The case of Anna Magnani offers an always fertile phenomenology on the possibilities of observing the work of an actress as the creative testimony of an author. Her actress policy (Moullet, 1993; Brenez, 2013; Carnice Mur, 2015) affirms not only a compendium of figures and characters that become essential for understanding the filmic landscape of Italian neo-realism, but also a manifesto on the creation of the character at a time when portraits of modern femininity were emerging from post-war European cinema (Sieghlor 2000; Jandelli 2007; Pravadelli 2015). From a figurative point of view, we find recurring images around her films. We understand these images as visual motifs (Balló & Bergala, 2016) that accompany the construction of characters by the actress from film to film, and that sometimes become true units of narrative and symbolic signification composed around her figures. The most constant motif we find in this regard is that of the woman lying on the bed. An image composed around significant moments of his realist heroines, expressing the anguish, calm, sadness or joy of loneliness in the intimacy of their own room. Although it is apparently not the most relevant motif in a narrative sense, it is the most frequent and probably the one that holds the most symbolism in the career of an actress who explored and portrayed the ideas of affection and desire beyond classical melodramatic fiction and romantic love.  Through the motif of the woman on the bed, this study will attempt to delineate the meaning and importance of the places of intimacy linked to domestic space in the construction of the stardom of an actress for whom the representation of femininity was fundamental in her politics as an actress.

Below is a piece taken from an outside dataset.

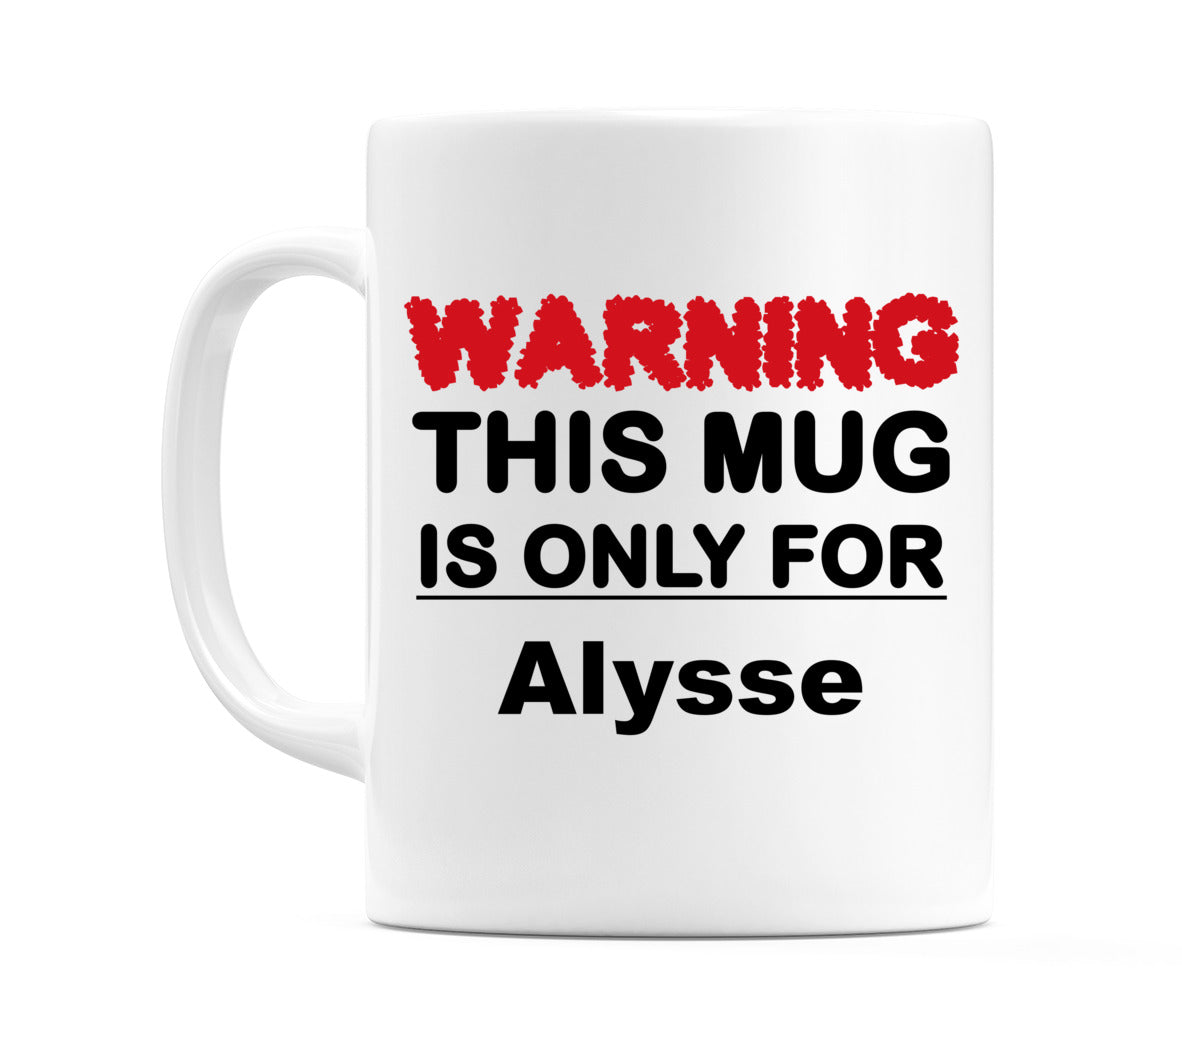 Warning This Mug is ONLY for Alysse Mug
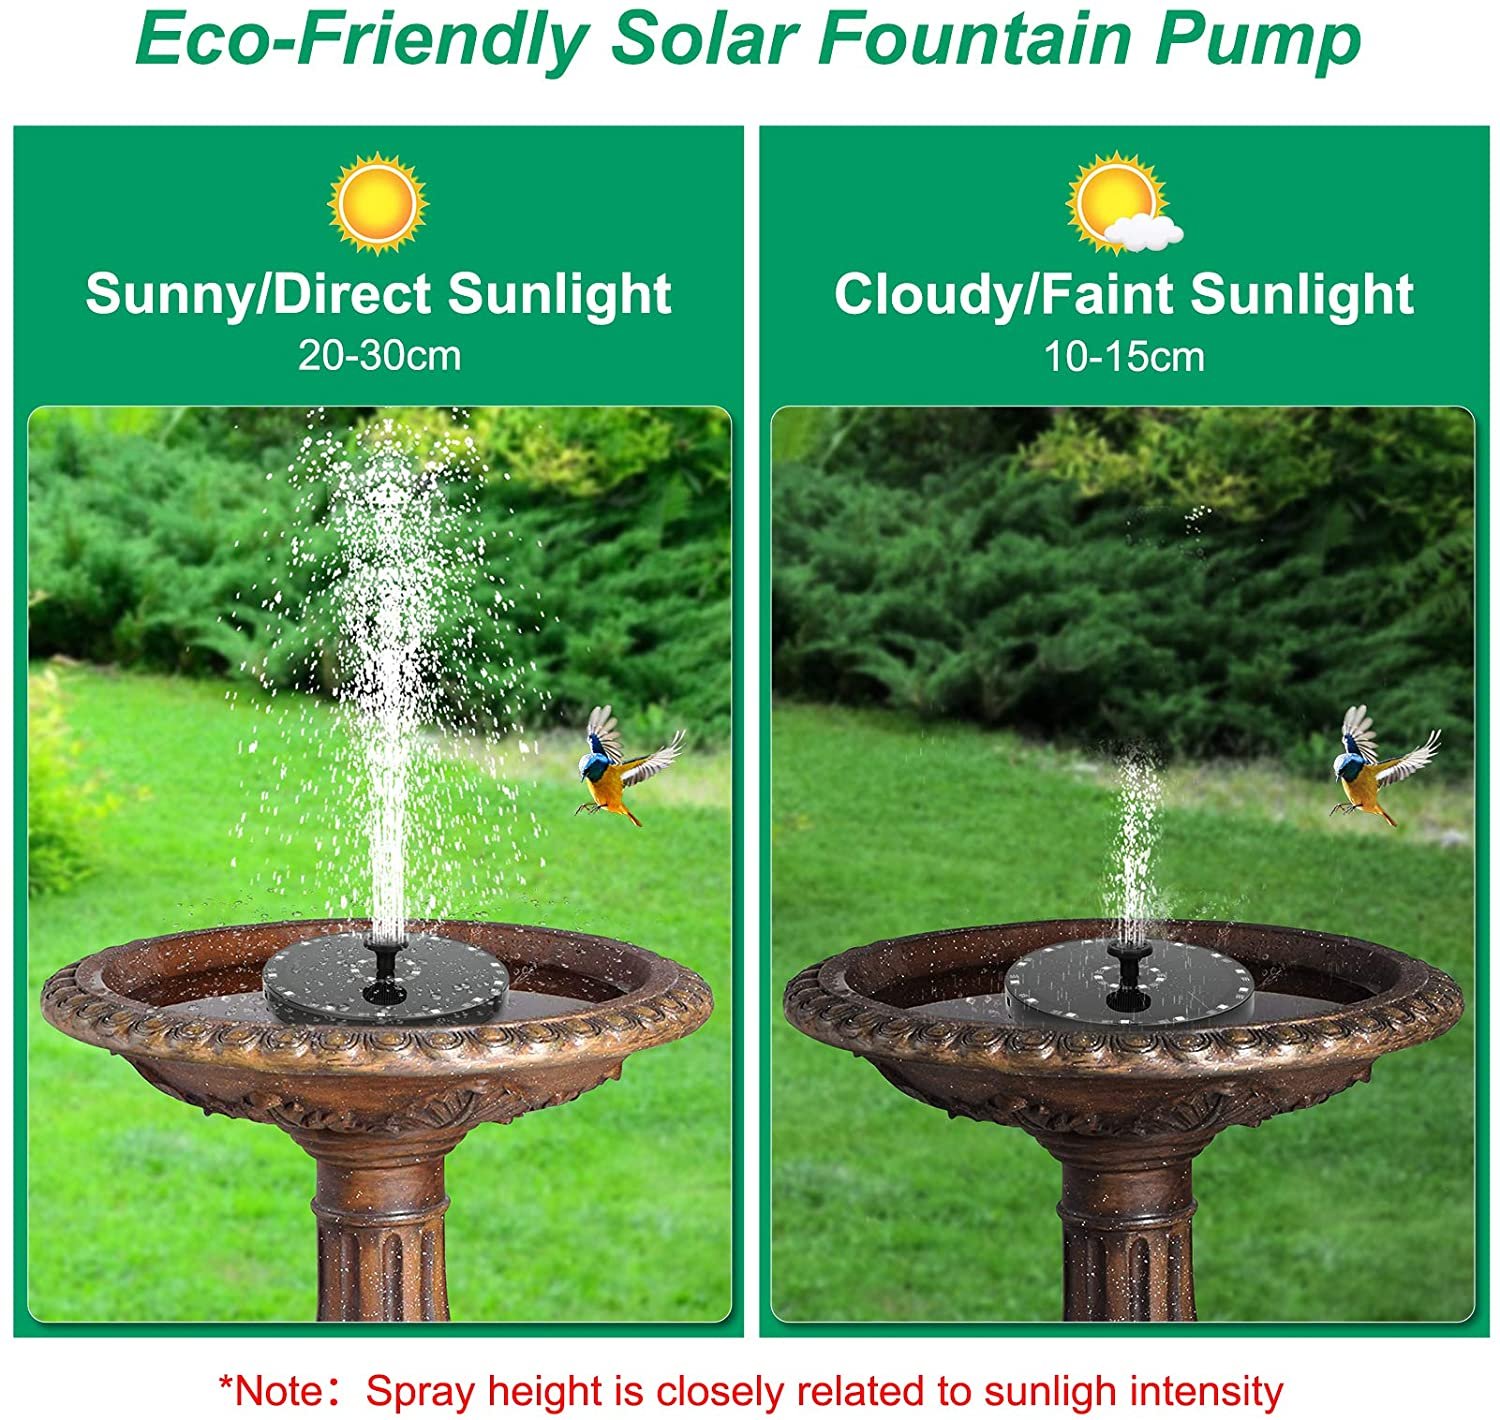 Eco-Friendly Solar Fountain Pump

Il caso di Anna Magnani offre numerose possibilità di osservare nel percorso di un’attrice la testimonianza creativa di una autrice. La sua politica di attrice (Moullet, 1993; Brenez, 2013; Carnicé Mur, 2015) mostra non soltanto un compendio di figure essenziali del paesaggio filmico del neorealismo italiano, ma appare anche come un manifesto della creazione del personaggio in un momento in cui nelle cinematografie europee del dopoguerra affiorano i tratti della femminilità moderna (Sieghlor, 2000; Jandelli, 2007; Pravadelli, 2015). Dal punto di vista figurativo, troviamo nei suoi film una serie di immagini ricorrenti che muovono intorno alla sua presenza, generando una certa familiarità tra il mondo drammaturgico legato ai suoi gesti e la memoria degli spettatori. Ne sono esempi il motivo della pietà, quello della donna che corre, l’attrice nel suo camerino, o la donna sul letto. Vorrei leggere queste immagini attraverso il prisma della prospettiva teorica con la quale autori come Casetti e Di Chio (1994) o Balló e Bergala (2016) osservano i motivi visuali nell’analisi filmica, ovvero unità iconografiche che nutrono di senso l’universo filmico, diventando esse stesse unità autonome di significazione narrativa e simbolica. In questo caso, i motivi visuali appena elencati accompagnano la costruzione del personaggio di Anna Magnani di film in film, definendo una serie di tratti di familiarità e iconicità nel suo ventaglio di eroine quotidiane, così da offrire un ritratto profondo e non stereotipato dell’identità femminile del suo tempo.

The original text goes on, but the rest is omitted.